It were a toilsome ascent but for that smooth
and hard pavement, and the impervious and green
thatch of pine-tassels overhung.
The kind mistress ascended with the assistance of
my arm, and St. John drew stoutly between Miss
Temple and a fat young lady with an incipient asthma.
Nunu had not been seen since the first cluster of hanging
flowers had hidden her from our sight as she bounded
The hour or two of slanting sunshine, poured in upon
the summit of the precipice from the west, had been
sufficient to induce a fine and silken moss to show its
fibres and small blossoms above the carpet of pine-tassels,
and, emerging from the brown shadow of the
wood, you stood on a verdant platform, the foliage of
sighing trees overhead, a fairies' velvet beneath you,
and a view below, that you may as well (if you would
not die in your ignorance) make a voyage to see.
We found Nunu lying thoughtfully near the brink
of the precipice and gazing off over the waters of the
sound, as if she watched the coming or going of a
friend under the white sails that glanced upon its bosom.
We recovered our breath in silence, I alone
perhaps of that considerable company gazing with admiration
at the lithe and unconscious figure of grace
lying in the attitude of the Grecian hermaphrodite on
the brow of the rock before us. Her eyes were moist,
and motionless with abstraction, her lips just perceptibly
curved in an expression of mingled pride and sorrow,
her small hand buried and clenched in the moss, and
her left foot and ankle, models of spirited symmetry,
escaped carelessly from her dress, the high instep
strained back, as if recovering from a leap with the
tense control of emotion.
The game of the coquettish Georgian was well played.
With a true woman's pique, she had redoubled
her attentions to my friend from the moment that she
found it gave pain to another of her sex; and St. John,
like most men, seemed not unwilling to see a new altar
kindled to his vanity, though a heart he had already
won, was stifling with the incense. Miss Temple was
very lovely: her skin of that teint of opaque and patrician
white, which is found oftenest in Asian latitudes,
was just perceptibly warmed toward the centre of the
cheek with a glow like sunshine through the thick white
petal of a magnolia: her eyes were hazel with those
inky lashes which enhance the expression a thousand
fold either of passion, or melancholy; her teeth were
like strips from the lily's heart; and she was clever,
captivating, graceful, and a thorough coquette. St.

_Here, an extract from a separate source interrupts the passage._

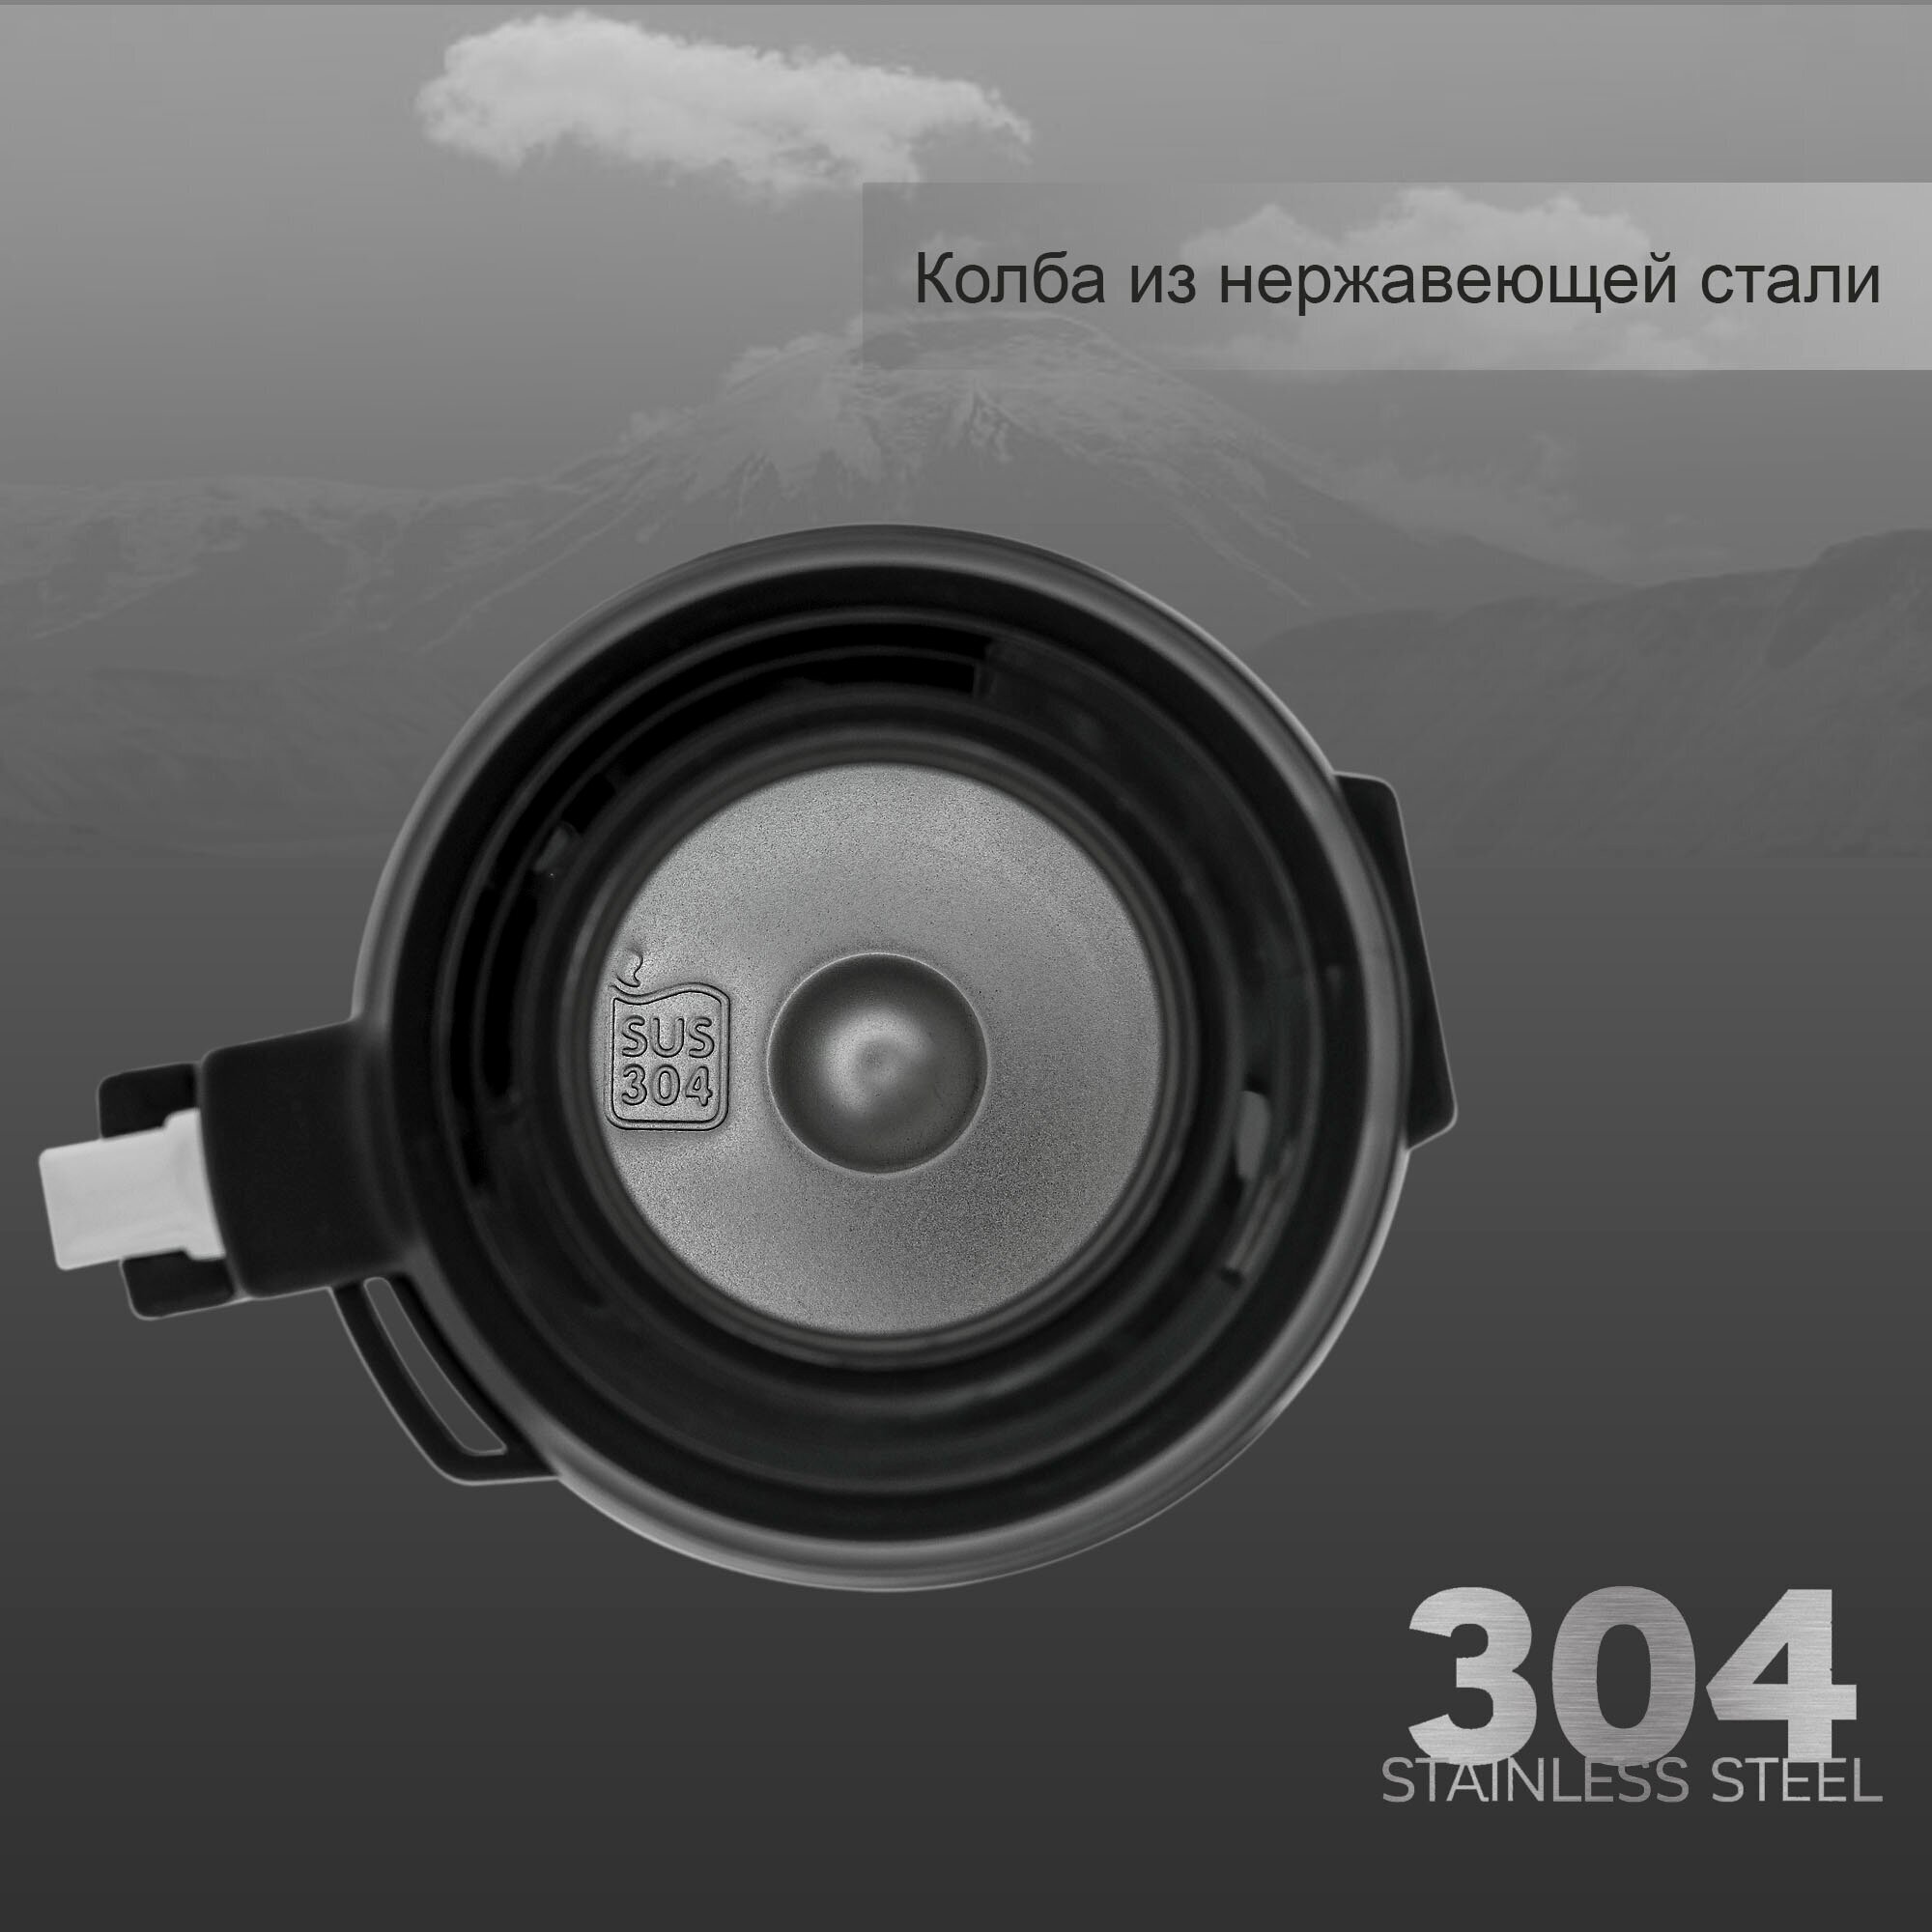 Термос вакуумный ARCUDA ARC-9011 Army seria, 2 литра, черный цвет - фотография № 4

John was mysterious, romantic-looking, superior, and
just now the only victim in the way. He admired, as
all men do, those qualities, which to her own sex, rendered
the fair Isabella unamiable, and yielded himself,
as all men will, a satisfied prey to enchantments of
which he knew the springs were the pique and vanity
of the enchantress. How singular it is that the highest
and best qualities of the female heart are those with
which men are the least captivated!
A rib of the mountain formed a natural seat a little
back from the pitch of the precipice, and here sat Miss
Temple, triumphant in drawing all eyes upon herself
and her tamed lion, her lap full of flowers which he
had found time to gather on the way, and her fair
hands employed in arranging a bouquet, of which the
destiny was yet a secret. Next to their own loves,
ladies like nothing on earth like mending or marring
the loves of others; and, while the violets and already
drooping wild flowers were coquettishly chosen or rejected
by those slender fingers, the sun might have
swung back to the east like a pendulum, and those
seven-and-twenty misses would have watched their
lovely schoolfellow the same. Nunu turned her head
slowly around at last, and silently looked on. St. John
lay at the feet of the Georgian, glancing from the flowers
to her face, and from her face to the flowers, with
an admiration not at all equivocal. Mrs. Ilfrington sat
apart, absorbed in finishing a sketch of New-Haven;
and I, interested painfully in watching the emotions of
the Cherokee, sat with my back to the trunk of a hemlock,
the only spectator who comprehended the whole
extent of the drama.
A wild rose was set in the heart of the bouquet at
last, a spear of riband-grass added to give it grace and
point, and nothing was wanting but a string.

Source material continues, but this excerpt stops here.